The unemployment rate, after a nosedive, leveled off in the last few months of the year, and the stock market has regained 40 percent of its value after a March 2009 low. Four of the five largest bailed-out banks have either repaid the government or received permission from the Treasury Department to do so in the near future. Inflation slowed to a standstill in November after 10 months of increasing consumer prices. Construction of new homes and apartments increased in 2009 from 2008 levels, the first annual growth in housing starts since 2005.

“The Recovery Act has created jobs and spurred growth,” President Barack Obama said in a December speech trumpeting the success of his economic policies. “We are in a very different place today than we were a year ago.” Lawrence Summers, director of the White House National Economic Council, concurs. “Everybody agrees that the recession is over,” Summers said that same month on ABC’s This Week.

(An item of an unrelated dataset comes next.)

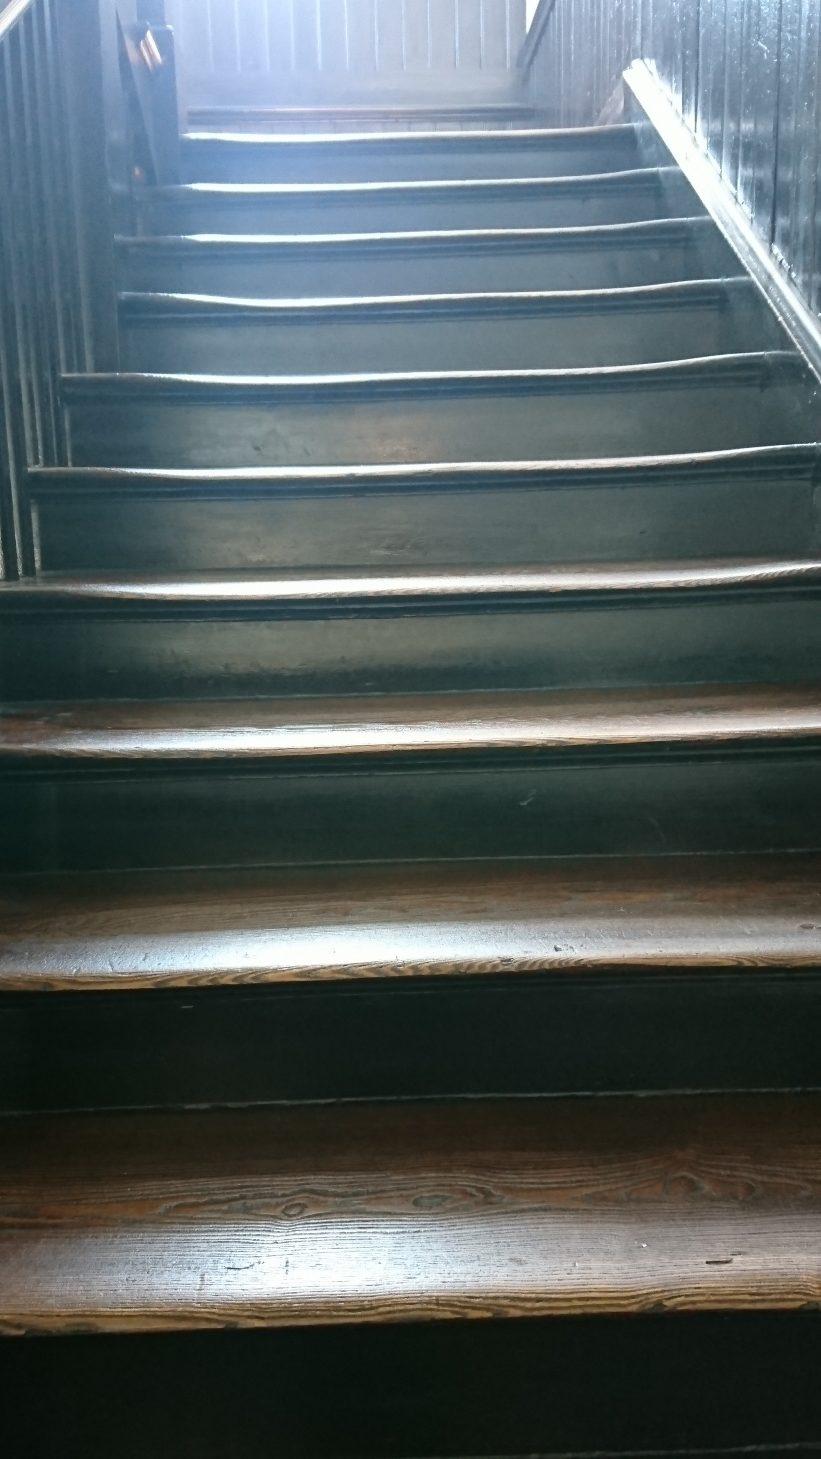 差し込む光と木造の階段

But a closer look reveals those appealing numbers sit on a dangerously shaky foundation. Economic growth in 2009 was largely dependent on a historic level of government spending that even the president acknowledges is unsustainable in the long term. The root problem of mortgage delinquencies has yet to be worked out. Bank lending is sparse amid ongoing uncertainties surrounding regulatory reform. As a result, manufacturers and small businesses continue to struggle with limited credit. All that translates into historic job losses and a bleak outlook for meaningful growth in 2010 and 2011.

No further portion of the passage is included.